■ **Dataset extract**
################
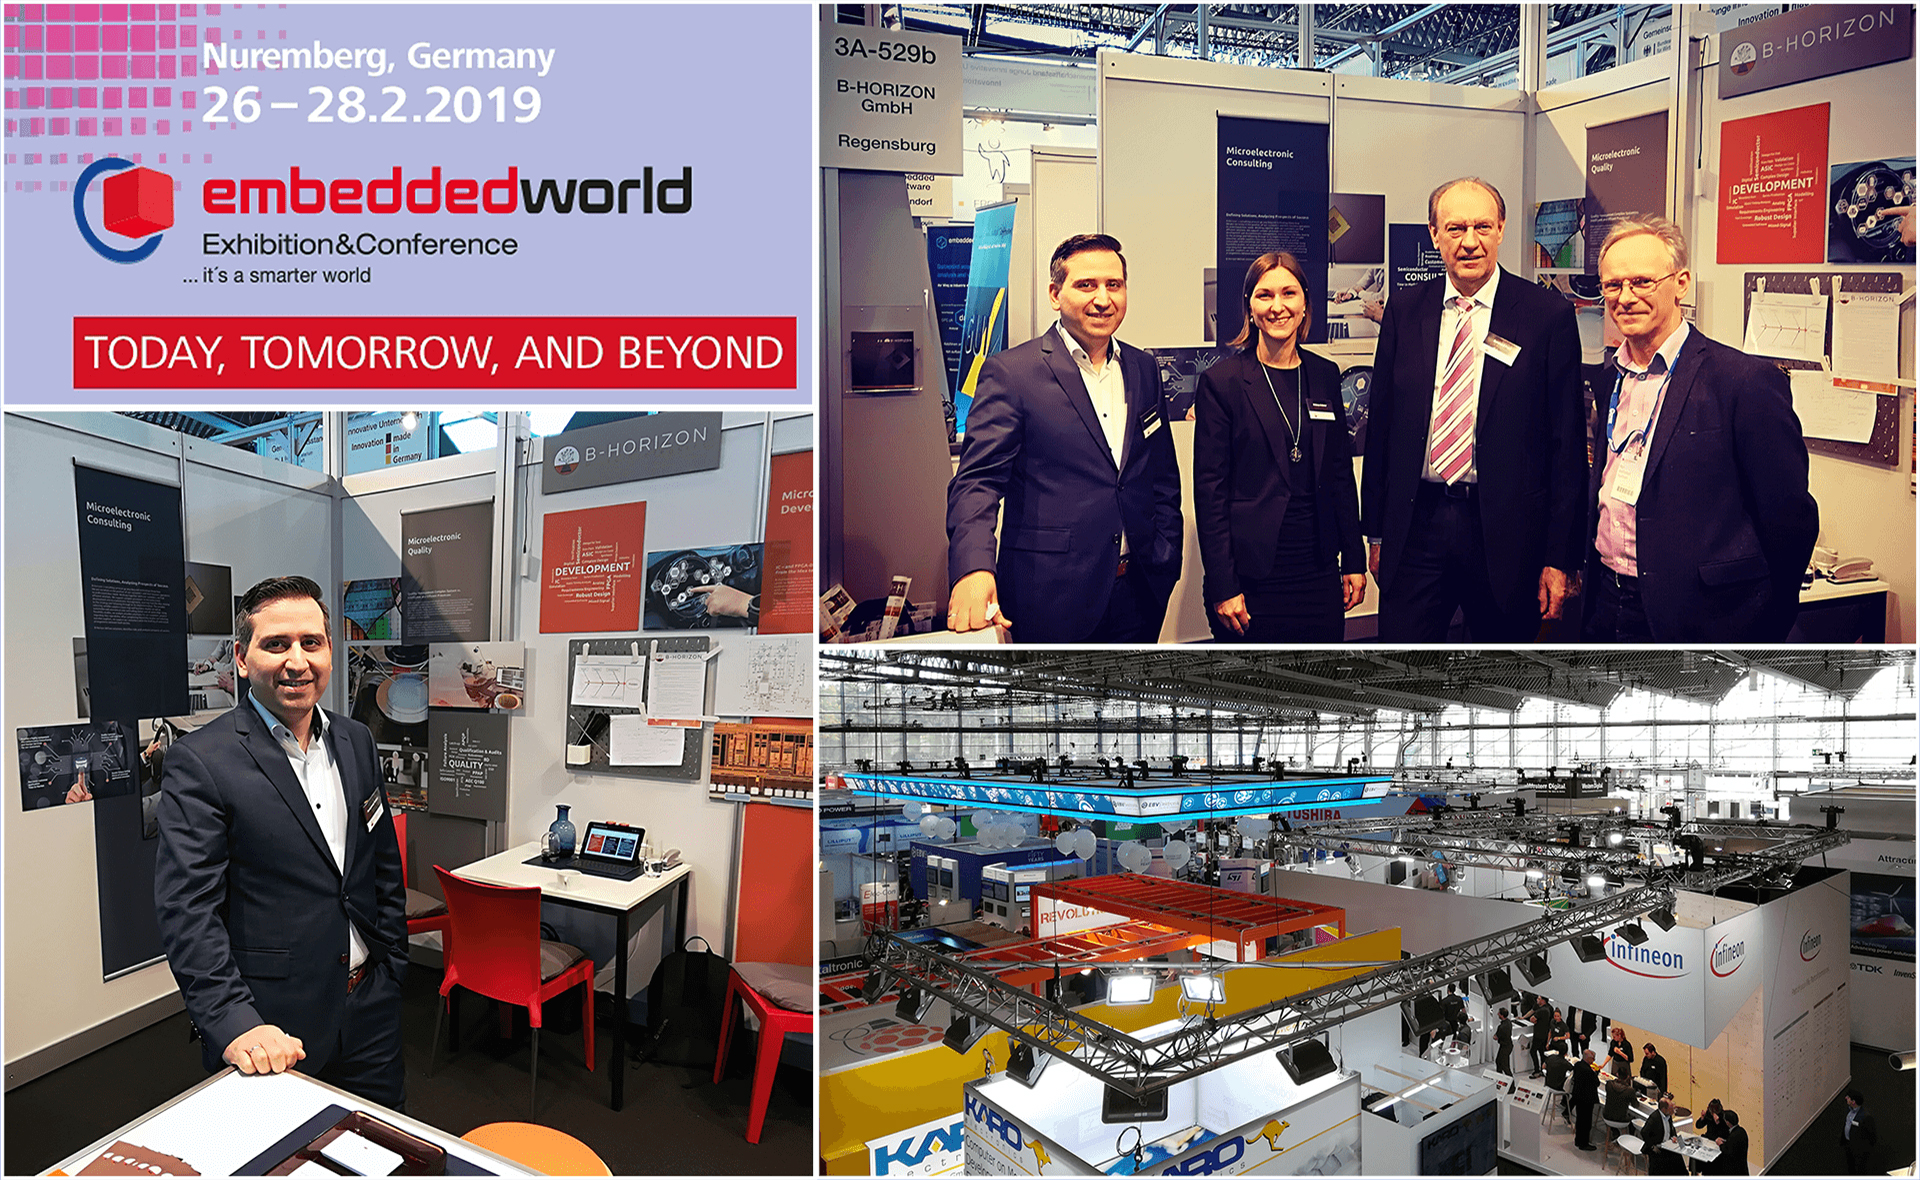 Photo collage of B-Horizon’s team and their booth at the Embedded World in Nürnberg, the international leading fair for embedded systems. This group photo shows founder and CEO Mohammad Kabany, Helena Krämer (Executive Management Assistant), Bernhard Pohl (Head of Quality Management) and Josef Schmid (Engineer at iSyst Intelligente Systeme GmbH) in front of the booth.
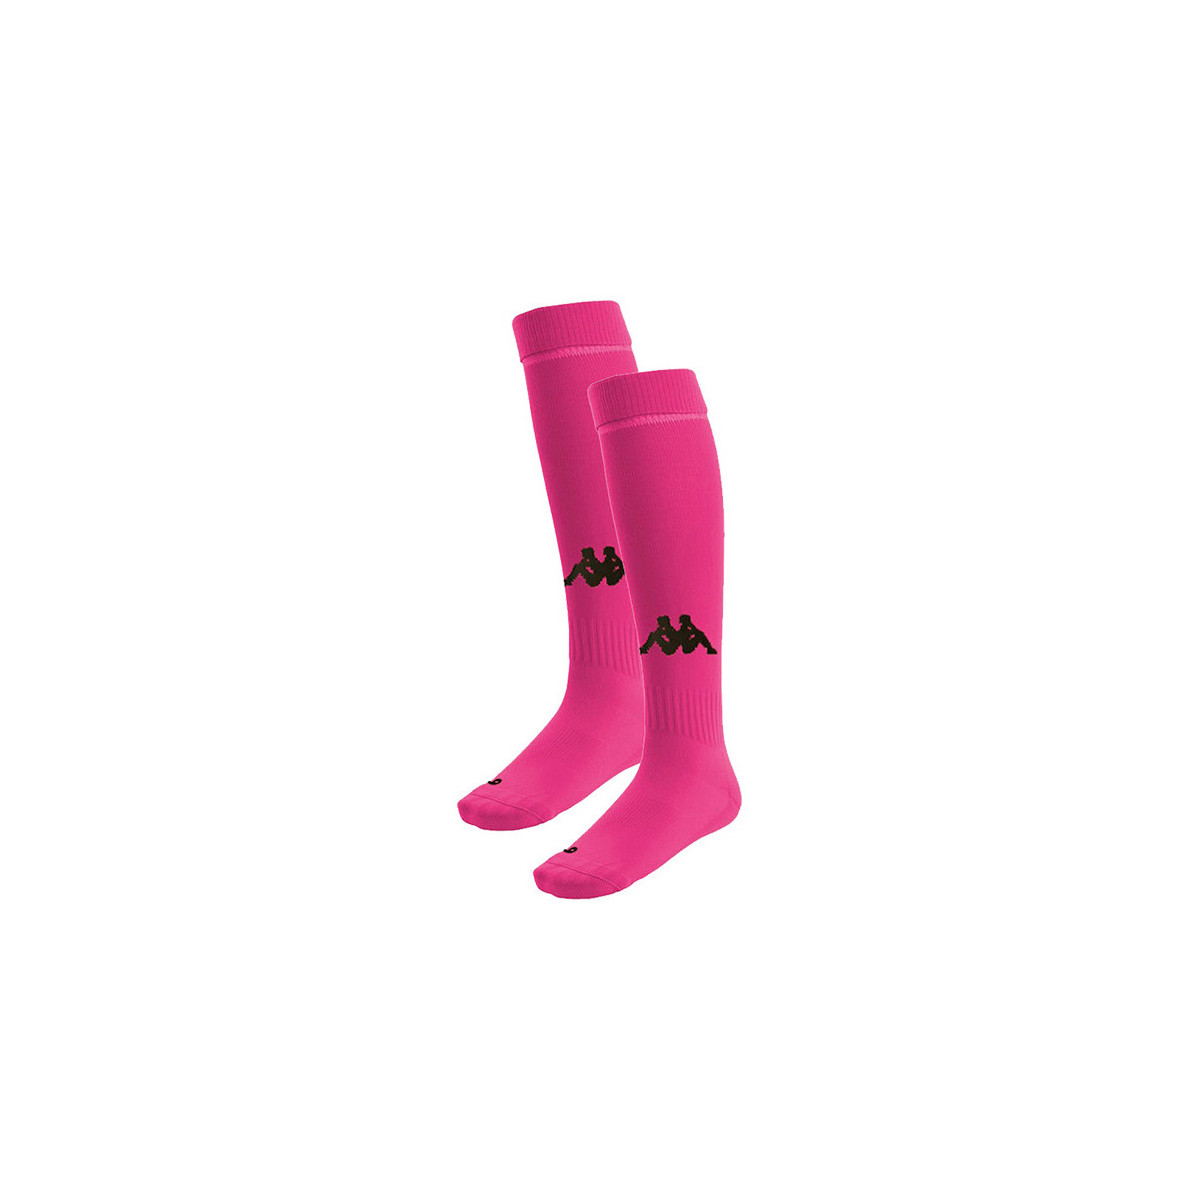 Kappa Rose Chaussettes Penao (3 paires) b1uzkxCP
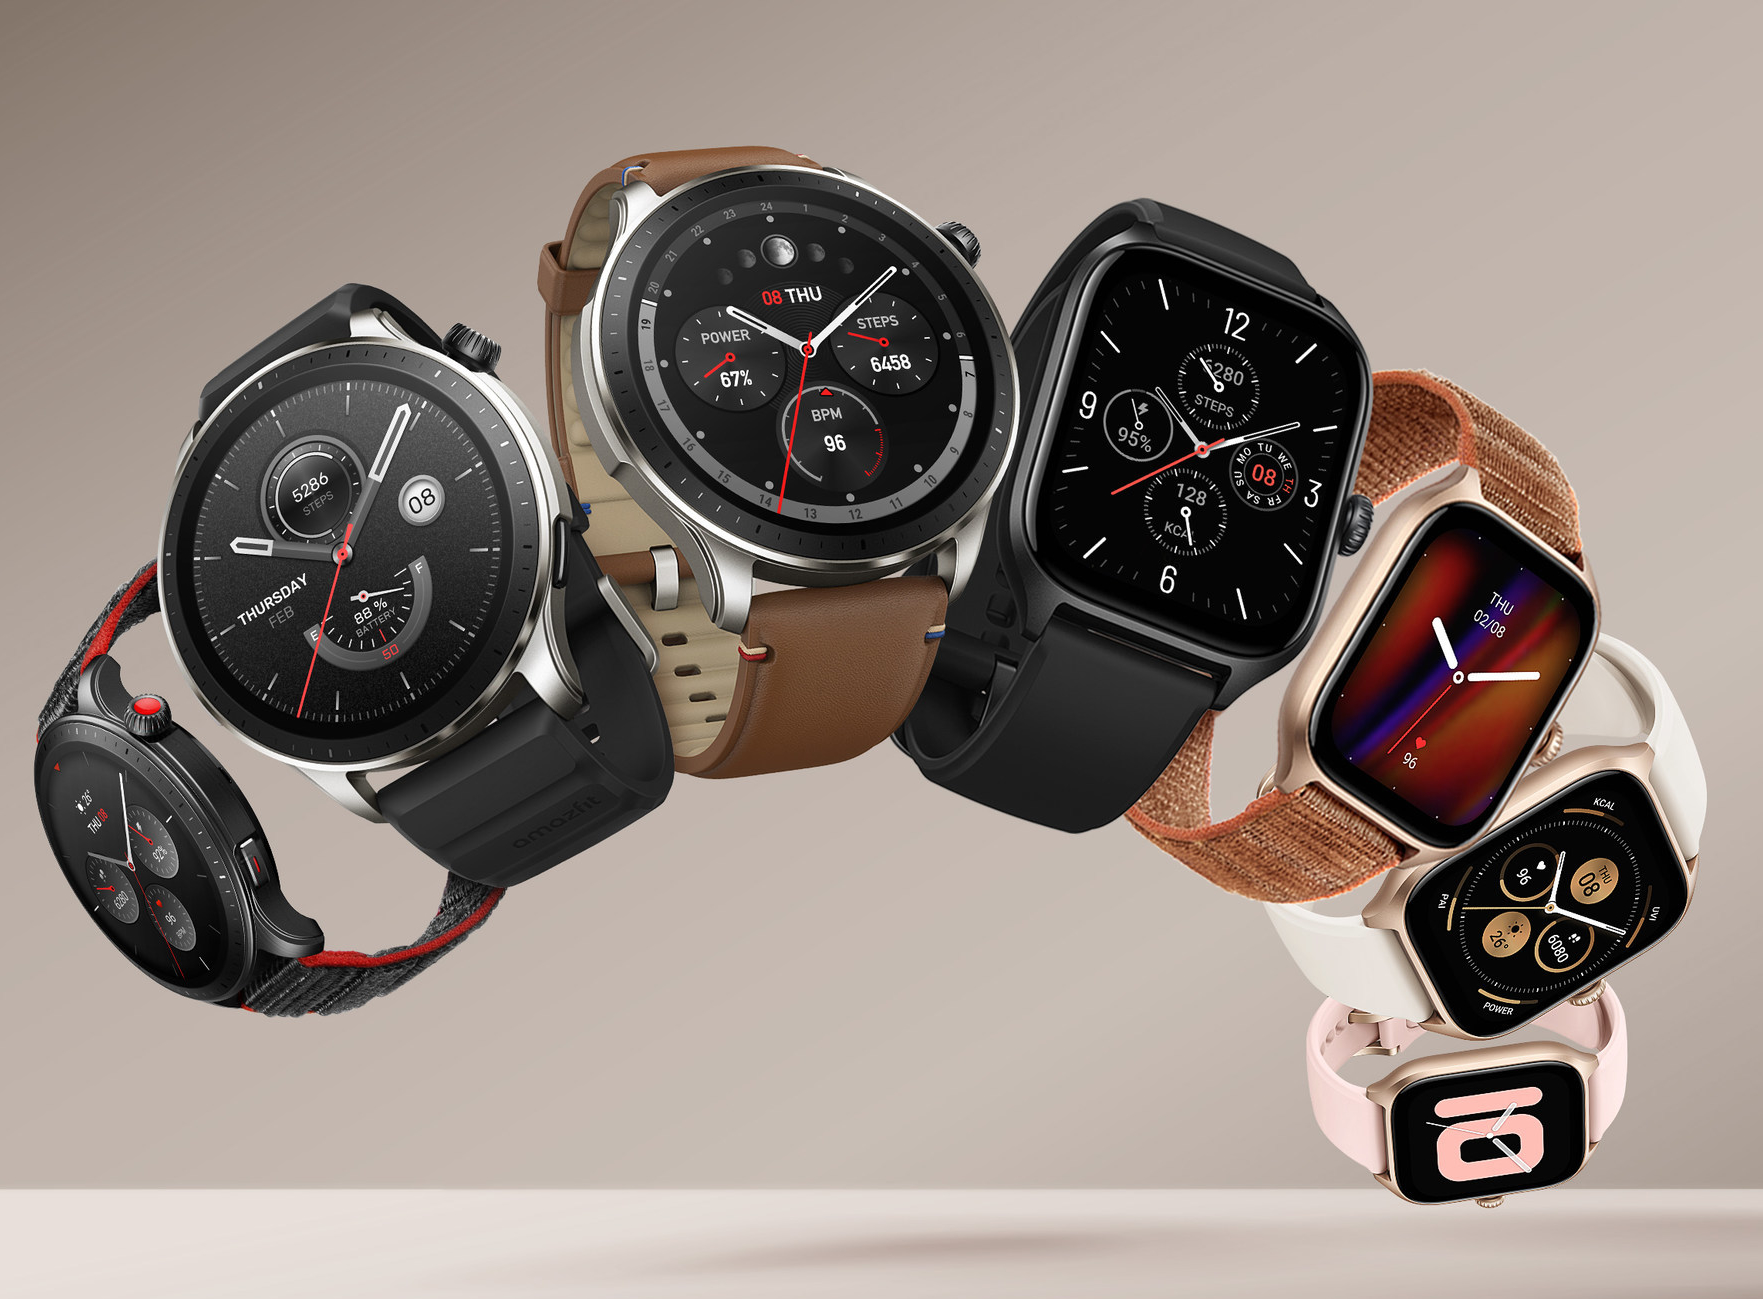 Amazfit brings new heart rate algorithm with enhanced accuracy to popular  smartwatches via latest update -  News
################
■ **What you have to do**
With the pictures set aside, copy each line above as written.

■ **Answer area**
 Photo collage of B-Horizon’s team and their booth at the Embedded World in Nürnberg, the international leading fair for embedded systems. This group photo shows founder and CEO Mohammad Kabany, Helena Krämer (Executive Management Assistant), Bernhard Pohl (Head of Quality Management) and Josef Schmid (Engineer at iSyst Intelligente Systeme GmbH) in front of the booth.
 Kappa Rose Chaussettes Penao (3 paires) b1uzkxCP
 Amazfit brings new heart rate algorithm with enhanced accuracy to popular  smartwatches via latest update -  News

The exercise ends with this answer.